Chercher des alternatives

En ce moment, tous sont appelés à réfléchir pour rechercher, proposer et mettre en œuvre des stratégies alternatives. Il n’y a plus de temps pour soutenir l’un ou l’autre candidat retenu comme le meilleur. Il y a eu des élections. À ce stade, soutenir l’un ou l’autre n’a de sens que sur la base de preuves claires sur l’issue du vote. Mais après la proclamation des résultats par la Commission Électorale Nationale Indépendante, confirmés par la Cour Suprême, on doit se demander s’il reste encore une marge pour s’engager encore. Même s’il n’y avait aucun effet pratique, pour le respect que l’on doit a vérité et à la justice, nous devons encore chercher et trouver la vérité des urnes. Au moins pour ce qui est encore possible, car certaines irrégularités sont, hélas, irrémédiables. Une annulation de l’élection n’est pas maintenant envisageable, pour le coût économique d’un nouveau processus électoral. Par ailleurs, les problèmes ont commencé le 15 janvier 2011, quand on a adopté la modification de la Constitution supprimant le deuxième tour des élections présidentielles. Prenant en compte les propositions faites par les divers pays, groupes, réseaux et individus, comme Réseau Paix pour le Congo nous osons faire les propositions suivantes:

Dans l’immédiat:

1. Il faut exiger, avec toute énergie, au Président Joseph Kabila et à son gouvernement de ne pas recourir à des mesures de violence indiscriminée et disproportionnée pour réprimer l’expression de la population civile, étant l’armée et la police de l’État au service du Peuple.

2. On devrait demander aux deux protagonistes principaux et à leurs alliés politiques un dialogue inconditionné, en vue du bien du Pays.

3. On pourrait examiner les résultats électoraux des bureaux de vote, grâce à la présence des milliers d’observateurs nationaux au moment du vote et du dépouillement des bulletins de vote.

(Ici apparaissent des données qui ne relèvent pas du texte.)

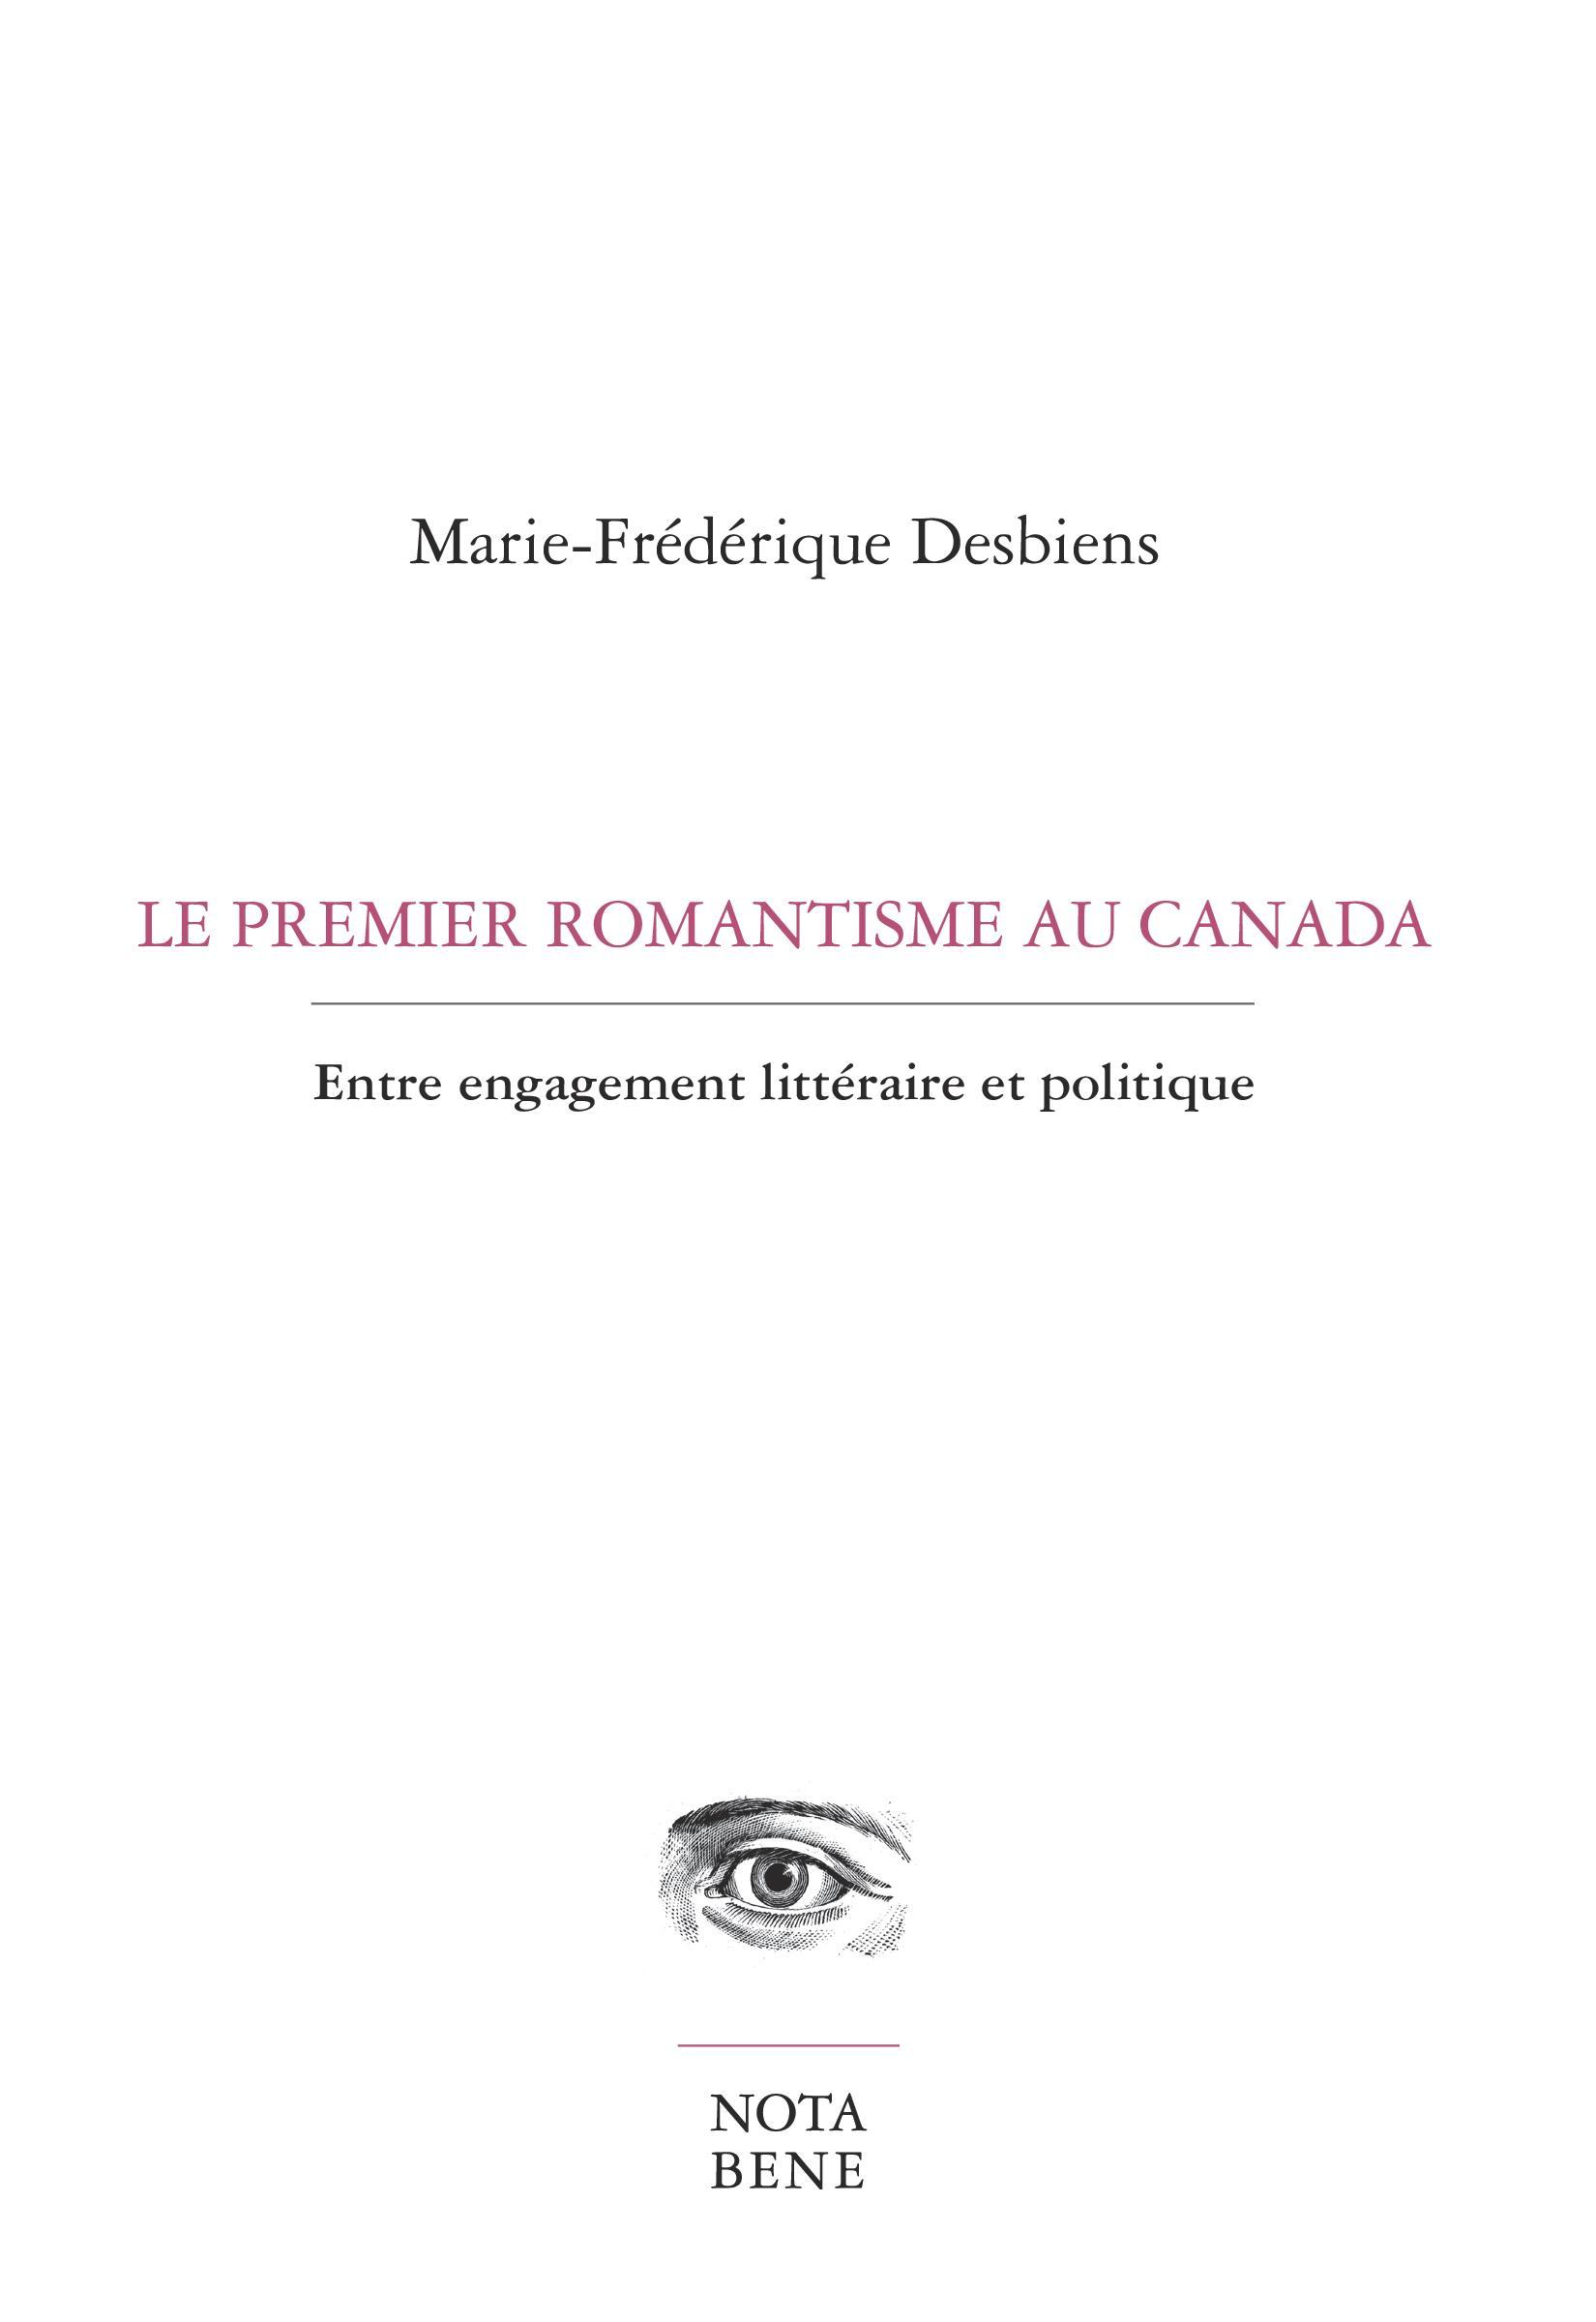 Le premier romantisme au Canada

A ce moment où l’on assiste à une polarisation des différents intervenants, il paraît utile l’aide d’une commission internationale de vérification, acceptées par les deux parties, avec un délai précis.

4. On devrait immédiatement mettre en place un système de surveillance attentive sur le décompte des voix des élections législatives, car on a déjà signalé des cas de fraude.

5. Prenant en compte l’important consentement qu’Etienne Tshisekedi réunit auprès de la population congolaise, une pression internationale doit être faite sur Joseph Kabila, afin de trouver une forme de partage du pouvoir, si ce n’est pas avec Tshisekedi lui-même, à cause de son intransigeance, au moins avec un autre de son parti.

6. La société civile, les institutions éducatives et les confessions religieuses doivent continuer leur engagement pour la formation des citoyens, en vue de consolider la démocratie et d’exercer le contrôle populaire sur les élus.

A long et moyen terme:

7. Toutes les institutions éducatives, religieuses et laïques doivent travailler pour faire avancer la démocratie à travers la formation de base et des initiatives locales.

8. La continuation du processus électoral doit devenir une école pour construire le futur de l’ensemble du pays.

Dans ce moment crucial, la presse et les décideurs politiques internationaux ne peuvent pas abandonner la RD Congo. L’échec partiel de ce processus électoral est aussi la conséquence d’une longue histoire d’exploitation internationale des richesses du pays et de l’ambiguïté de la politique internationale, qui se plie aux diktats des intérêts économiques, financiers et politiques qui empêchent les peuples dans leur chemin vers la liberté.